Of the 2.3 million incarcerated people in the U.S., roughly 165,000 are over the age of 55. Compared to the general population, people in jail and prison are more likely to have pre-existing health conditions. These groups of people are most at risk of falling ill or dying from the coronavirus, or COVID-19.
Failing to act could expose tens of thousands of people in prisons and jails across the country to the virus. Given the crowded nature of our correctional institutions, an outbreak is likely and would not only endanger people in prisons but also correctional staff and outside communities.
Sign this petition if you agree that public officials should take steps to protect people in prison or jail from the virus as well as preserving contact with loved ones on the outside.
Mass incarceration has left prisons and jails highly susceptible to an outbreak given overcrowding, lack of resources, and little access to medical care. To address this situation public officials need to take steps to reduce overcrowding and ensure access to medical care as well as access to communication with loved ones.

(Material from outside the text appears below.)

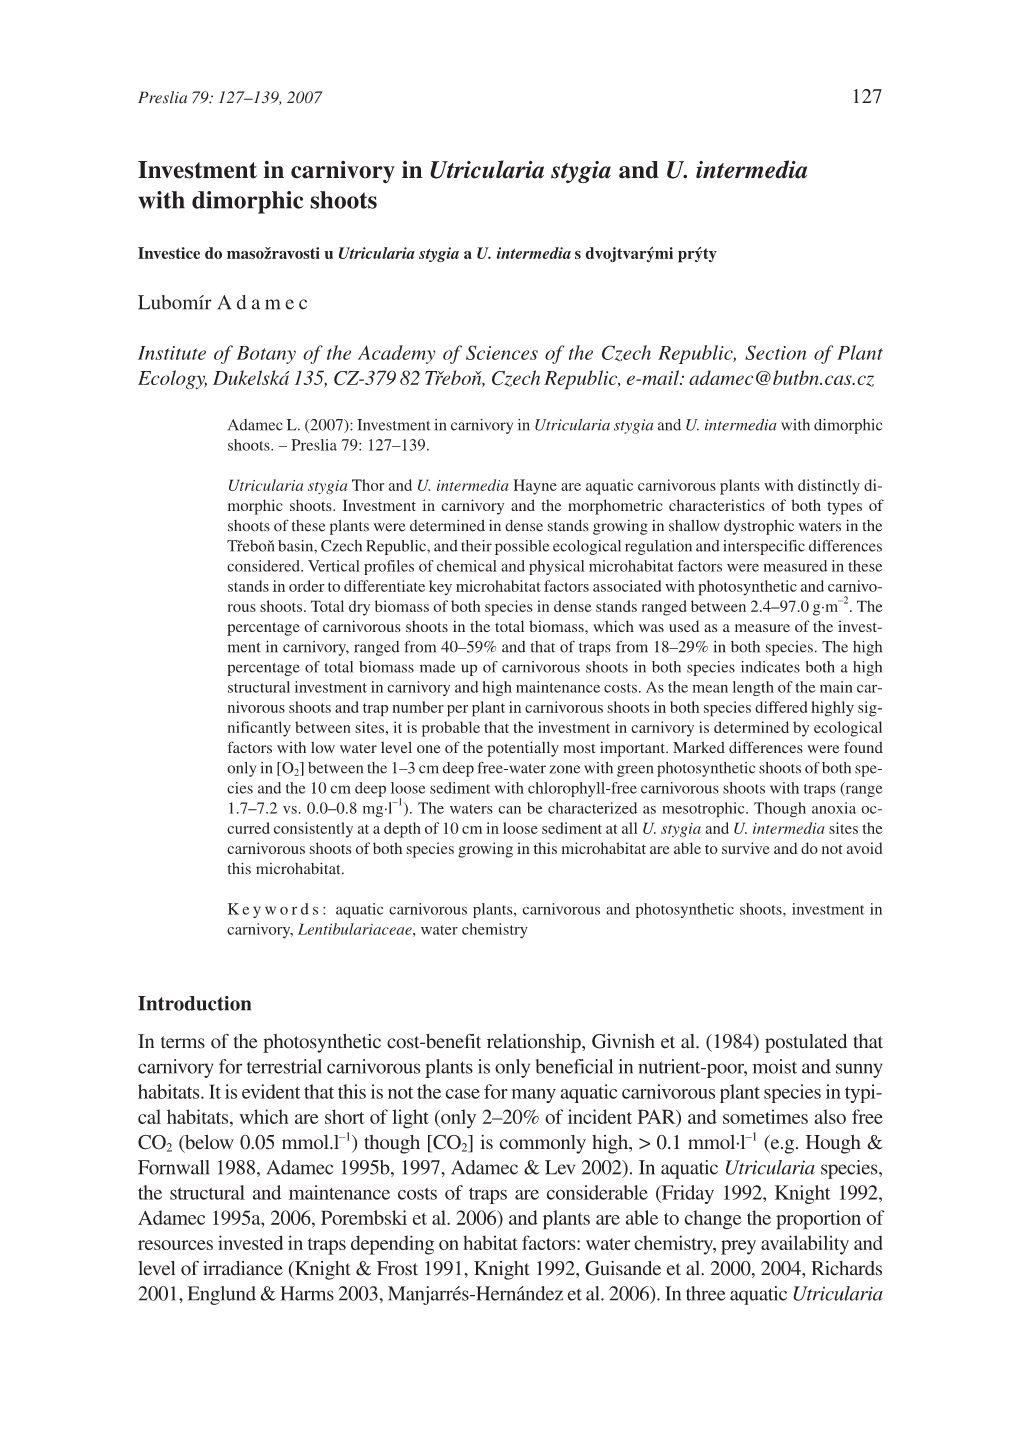 Investment in Carnivory in Utricularia Stygia and U. Intermedia with Dimorphic Shoots

These steps include:
- Identifying people who are scheduled to be released from prison or jail in the next six months and release them into home confinement.
- Parole prisoners over the age of 65, with priority given to those who have underlying health conditions that make them particularly susceptible to the virus.
- Individuals who have successfully completed at least three years of supervision should be transferred to administrative supervision or have their supervision terminated altogether.
- Suspend copays for medical visits made by incarcerated persons. It is cruel and unusual punishment to deny access to lifesaving medical care to incarcerated individuals simply because they can't afford it. This is particularly unjust when considering prisoners often work for less than a dollar a day, including those making hand sanitizer for the state of New York.
- Correctional facilities across the country have drastically reduced or completely eliminated visitation. In normal times, we would point to the significant evidence that sustained meaningful contact with family and friends benefits incarcerated people in the long run, including reducing recidivism. But it is even more important, in this time of crisis, for incarcerated people to know that their loved ones are safe and vice versa. While many facilities have suspended in-person visitation, only a few have made an effort to supplement this loss by waiving fees for phone calls and video communication. We must ensure FREE access to smart visitations and phone calls for all incarcerated individuals.
- RELEASE ALL CANNABIS PRISONERS. No one incarcerated for a victimless cannabis offense should continue to be incarcerated today. Now is the time to free our cannabis prisoners and further reduce the risk of outbreaks in correctional facilities.